消防通道像是城市這座巨大軀體內,一條被遺忘的靜脈。空氣裏漂浮着經年的塵埃與寂靜,唯有沈棲壓抑的喘息聲,和她提着行李箱艱難挪步時發出的細微摩擦聲,在逼仄的空間裏回響。應急燈幽綠的光,將她前行的身影拉長又縮短,扭曲地投在冰冷的混凝土牆上,像一個倉皇奔逃的鬼魅。
每一步都踩在未知的恐懼上。她不確定通道的出口是否有人守株待兔,也不確定那輛尾號74C的車,是諾亞方舟,還是通往另一個囚籠的渡船。
當她終於推開那扇沉重的、通向酒店後方窄巷的防火門時,凌晨凜冽的空氣如同冰水般潑面而來,讓她打了個寒顫,卻也瞬間清醒。巷子僻靜,路燈昏暗,一輛黑色的普通轎車,如同蟄伏的獸,靜靜地停在那裏。車牌尾號,正是 74C。
沒有時間猶豫。她拉開車門,將行李箱塞進後座,自己也迅速坐了進去。車內沒有開燈,駕駛座上是一個戴着鴨舌帽、看不清面容的司機,在她關上門的同時,車輛便平穩地滑入了夜色之中,沒有一句交流。
沈棲靠在椅背上,心髒仍在狂跳。她透過後窗,緊緊盯着後方,確認沒有車輛跟蹤後,才稍稍鬆懈下來,感到一陣脫力般的虛軟。
車子沒有駛向機場或火車站,反而在城市的脈絡中穿梭,最終融入了一片老城區的靜謐之中。
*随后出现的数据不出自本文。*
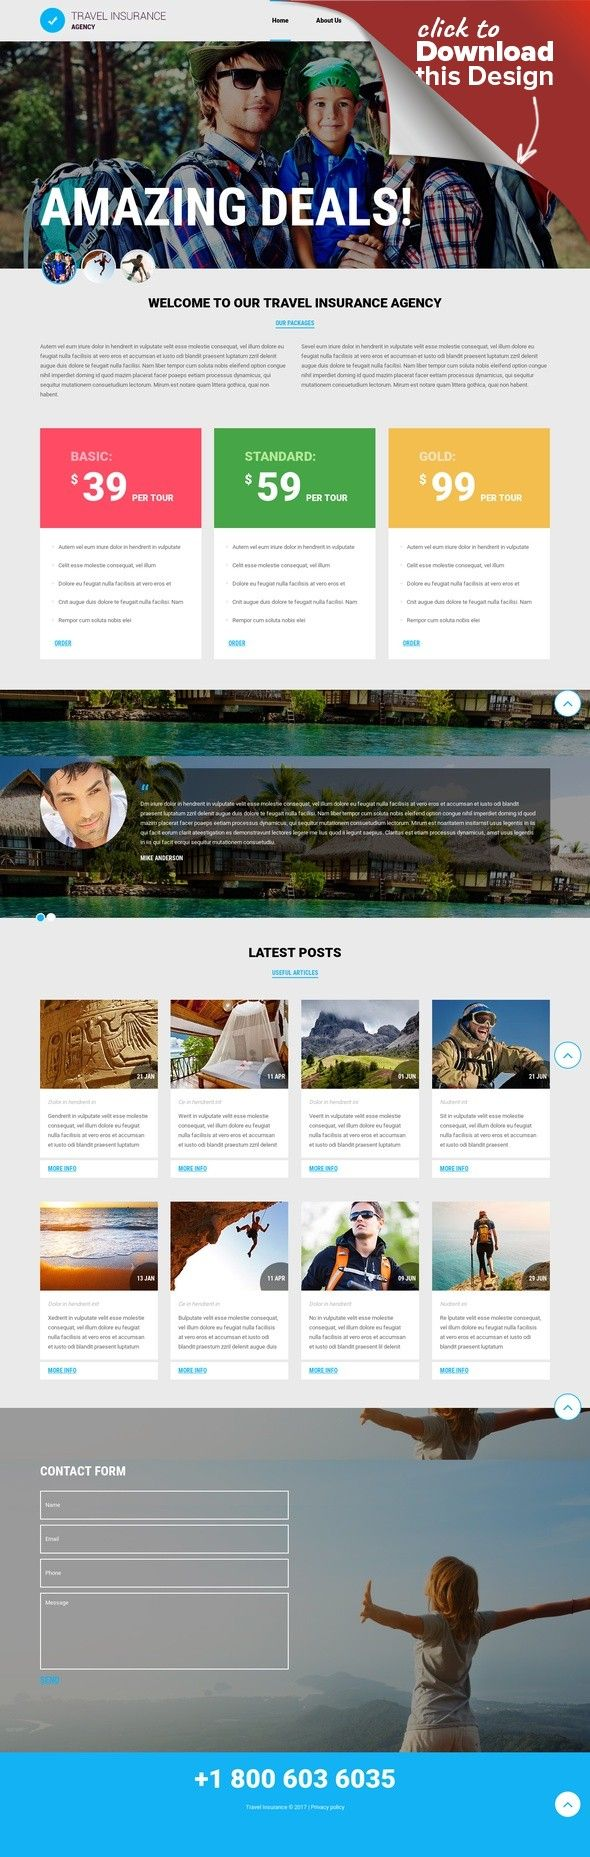 Travel Agency Responsive Joomla Template CMS & Blog Templates, Joomla Templates, Sports, Outdoors & Travel, Travel Templates, Travel Agency Templates
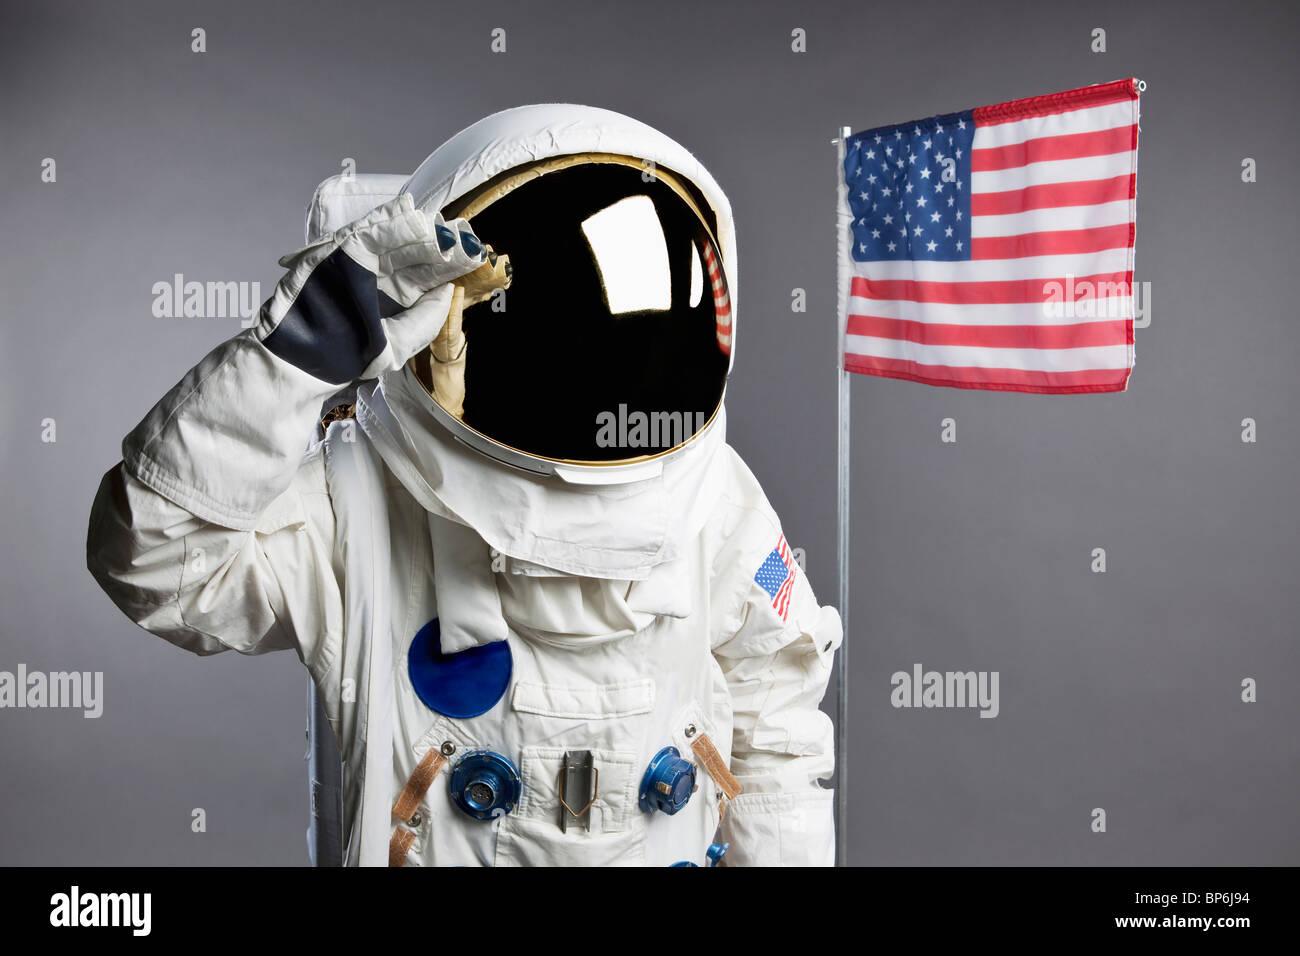 An astronaut saluting next to an American flag, studio shot - Stock Image

這裏沒有CBD的玻璃幕牆,只有斑駁的梧桐樹影,和零星亮着暖黃燈光的老式洋樓。
車輛在一扇不起眼的、爬滿常春藤的鐵藝門前停下。司機依舊沉默,只是用手指了指那扇門。
沈棲道了聲謝,聲音幹澀。她提着行李箱下車,鐵藝門沒有上鎖,輕輕一推便開了。門後是一個小巧的、打理得十分雅致的庭院,鵝卵石小徑通向一棟三層高的老洋房,一樓的窗戶裏,透出溫暖的光暈。
這裏,像是一個與世隔絕的安全屋。
她走到房門前,門廊的感應燈自動亮起。門上沒有門鈴,只有一個老式的黃銅門環。她猶豫了一下,抬手叩響了門環。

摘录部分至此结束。